Device is used to notify this master server of its webserver that independent visit to JMS is provided.

40. a method that is used for object on the managerial grid comprises:

The JMS message memory is assigned to master server, and this JMS message memory exists only on the described master server.

41., further comprise and notify other webserver step that this master server is admitted described JMS message memory according to the method for claim 40.

42., further comprise step according to the method for claim 40: with the sign multileaving of new master server to another webserver.

43., wherein utilize the Paxos algorithm to come to select in a plurality of webservers from the software bundling storage the described step of a master server to comprise cyclical information be multi-cast to another webserver according to the method for claim 40.

44. a system that is used for JMS object on the managerial grid comprises:

A plurality of webservers; And

Boot Server in described a plurality of webserver, this Boot Server comprises a distributed consistency algorithm that is used for selecting from the described a plurality of webservers master servers, and this master server comprises a JMS object so that its any one of a plurality of webservers that need visit JMS must conduct interviews to the JMS object on the master server.

45. according to the system of claim 44, wherein, the described webserver is to choose from be made up of hardware cluster server and software bundling storage server such one group.

46. according to the system of claim 44, wherein, described distributed consistency algorithm comprises the circulation message between described master server and the described a plurality of server, this circulation continues to agree master server up to the great majority of described a plurality of webservers always.

47. one kind is used for the JMS object is hired out method to the server on the network, comprises:

Utilize distributed consistency algorithm to come from a plurality of hardware cluster servers, to select a master server;

The JMS object is hired out to this master server, and wherein this master server has in the time period or admits this JMS object hiring out; And

Notify this master server that this JMS object is admitted to other webserver.

48., further comprise step: in another hires out the time period, upgrade termly this JMS object is hired out to master server according to the method for claim 47.

49., further comprise step:, then described JMS object is hired out to one of new master server and hired out the time period in case the taxi time period on the described master server has expired according to the method for claim 48.

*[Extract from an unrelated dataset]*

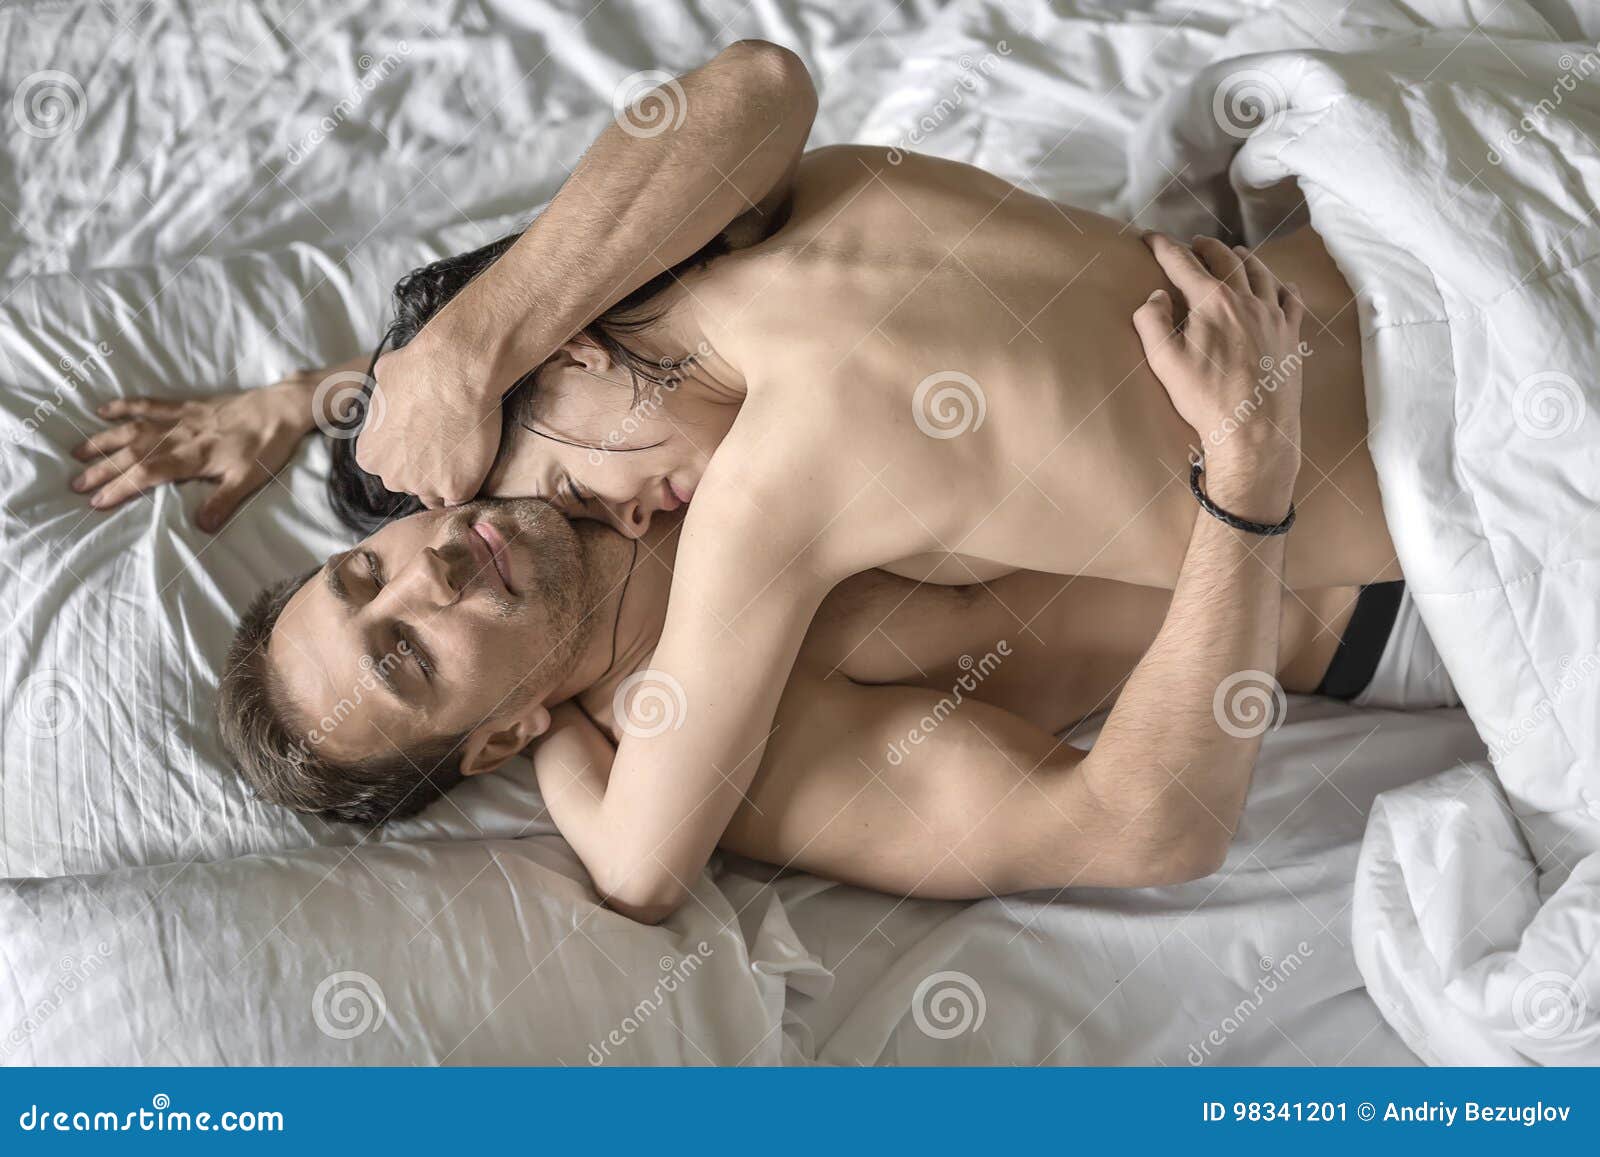 Hugging couple stock image. Image of desire, affection - 98341201

50. one kind is used for the JMS object is hired out method to the server on the network, comprises:

Utilize the distributed consistency algorithm on the described Boot Server to come from a plurality of webservers, to select a master server;

The JMS object is assigned to this master server, and appointed master server can provide the independent visit to described JMS object in a time cycle of regulation; And

Notify this master server of other webserver to admit described JMS object.

51. one kind is used for method that the object on the network is distributed, comprises:

The JMS object is assigned to this master server, and appointed master server can provide the independent visit to described JMS object; And

Notify this master server of other webserver to admit described JMS object.